The Puritans, because they were religious dissenters from the Church of England, which had militantly broken off from the Catholic Church in order that King Henry VIII could pursue a string of hopefully fertile bedmates, was not only pretty ignorant, but obstinately so in many ways, as it had a history of fighting with the Established Church.  The Church of Scotland was somewhat as well, particularly in its American form.  All of these churches have declined enormously in Europe while Catholicism has increased, reclaiming lost ground, but in the US their descendants are pretty numerous and strong.

Most Protestants aren't "Evangelical Protestants", but Evangelical Protestantism is really easy for people who want to be Christians without a whole bunch of Christian theology, want to escape the personally difficult aspects of Christian theology, or who just know that there's truth in Christianity and don't know where to go.  The do it yourselfism in them is pretty strong, and some, but not all, of them are pretty good at pointing out the sins of others while simply ignoring their own favorite  ones.  There's a host of ministers in this camp that are personally wealthy or who are married and divorced, and who have even engaged in affairs.  Flat out ignoring the Christian injunction against divorce and remarriage is pretty much the rule in most Protestant communities and it obviously is in some Evangelical ones.  Paula White is on her third husband, for example.  Joyce Meyer on her second.  Missouri pastor Rich Tidwell is a polygamist.
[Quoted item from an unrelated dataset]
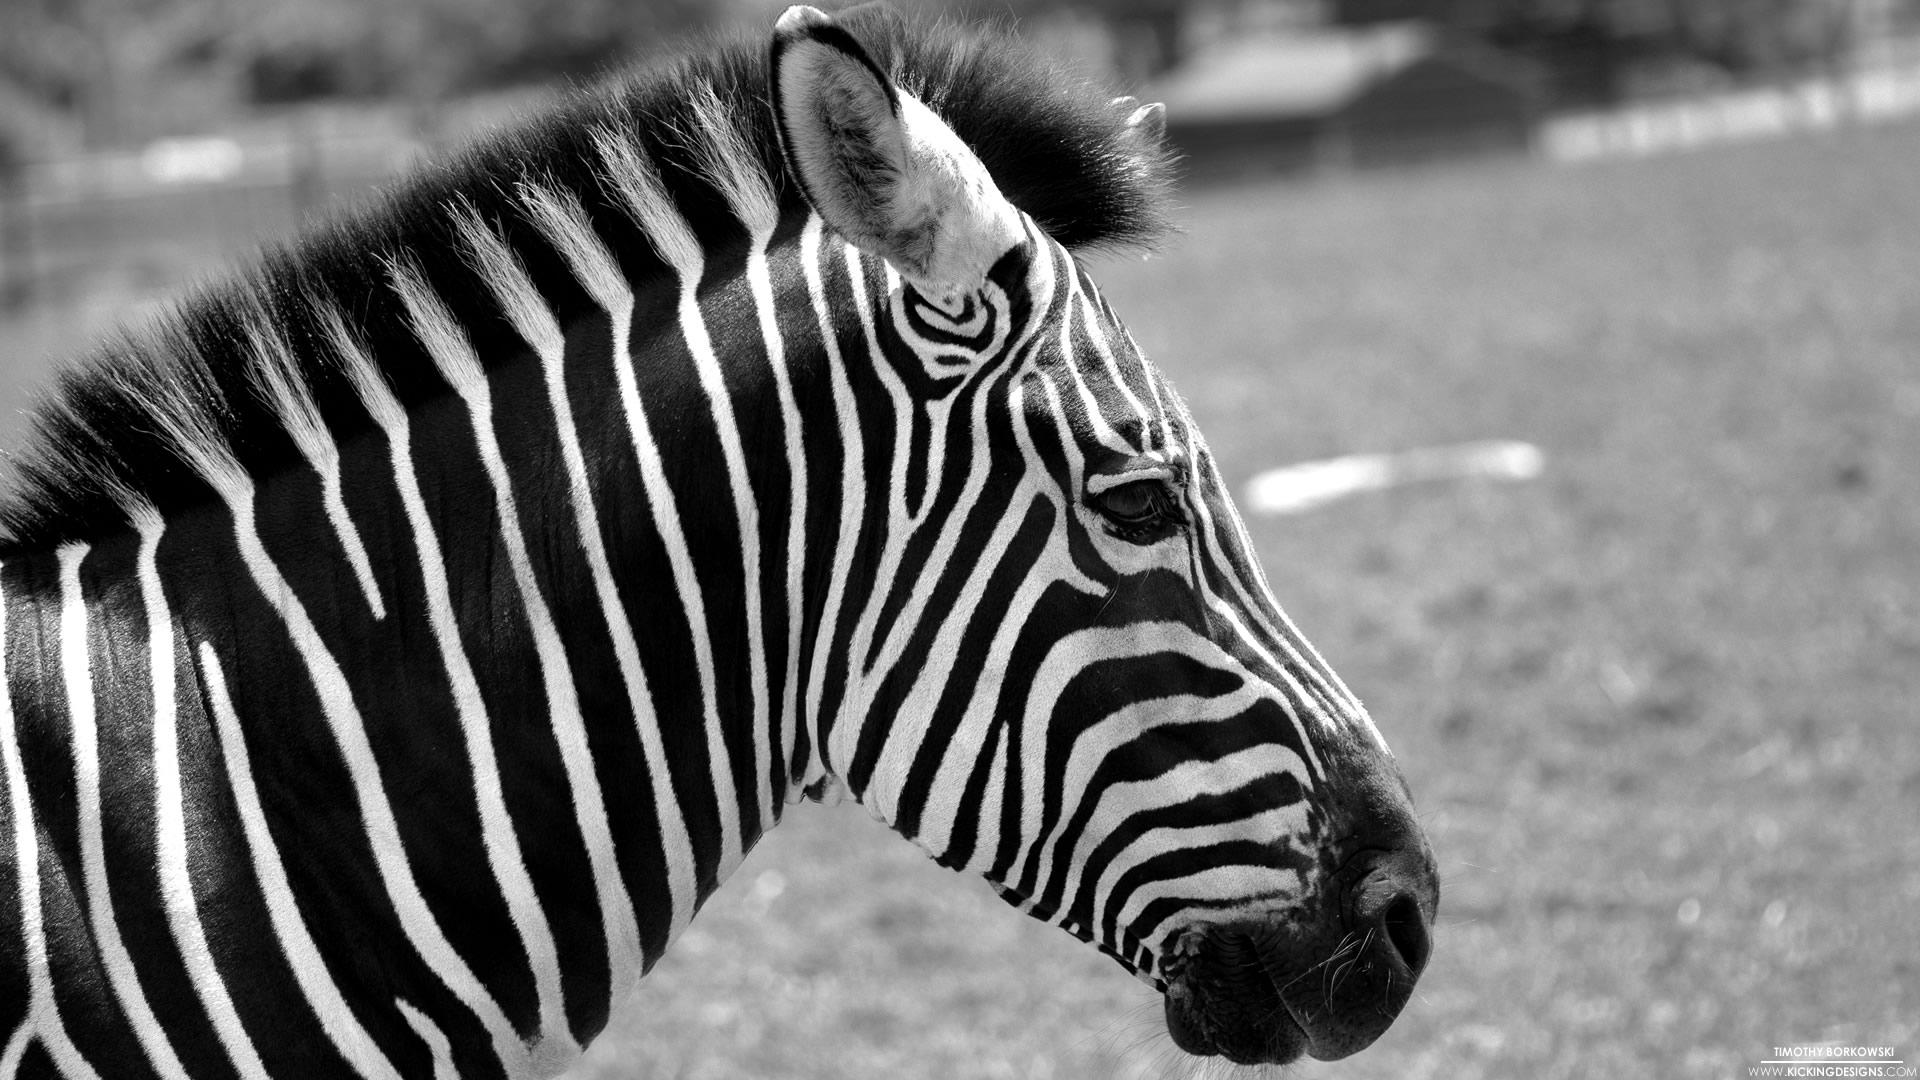 картинки тегом прикольные фотообои зебры для мобилки квартире небольшая, темная

The point isn't to debate on all these topics, setting aside polygamy, Protestant denominations do not have, I think, the process of annulment, which can be controversial in the Catholic Church, and their ministers do not take vows of poverty, but rather the pick and chose nature of things is a problem, and it'll turn on Catholics and is already starting to.

The New Apostolic Reformation is an aggressive backer of Donald Trump and its openly a backer of Americanism.  Mike Johnson, the Speaker of the House, is clearly aligned with the movement, and it's pretty clear that Secretary of Defense Hegseth falls in this camp.  Hegesth is practically the poster boy for ignorance in this category as he's festooned himself with tattoos that recall the Crusades while not realizing at all that Crusaders would have regarded him as a heretic.  But there he is, all emblazoned with sayings and symbols that properly belong to the Apostolic faiths, while living in what they'd all regard as an irregular marriage.

The same week that the Pentagon service occured Chip Roy took a direct swing at Catholics.
A lot of good Americans give their money to Catholic charities thinking they're helping people, and it turns out they're a part of a vast leftist network that is being used to undermine our country.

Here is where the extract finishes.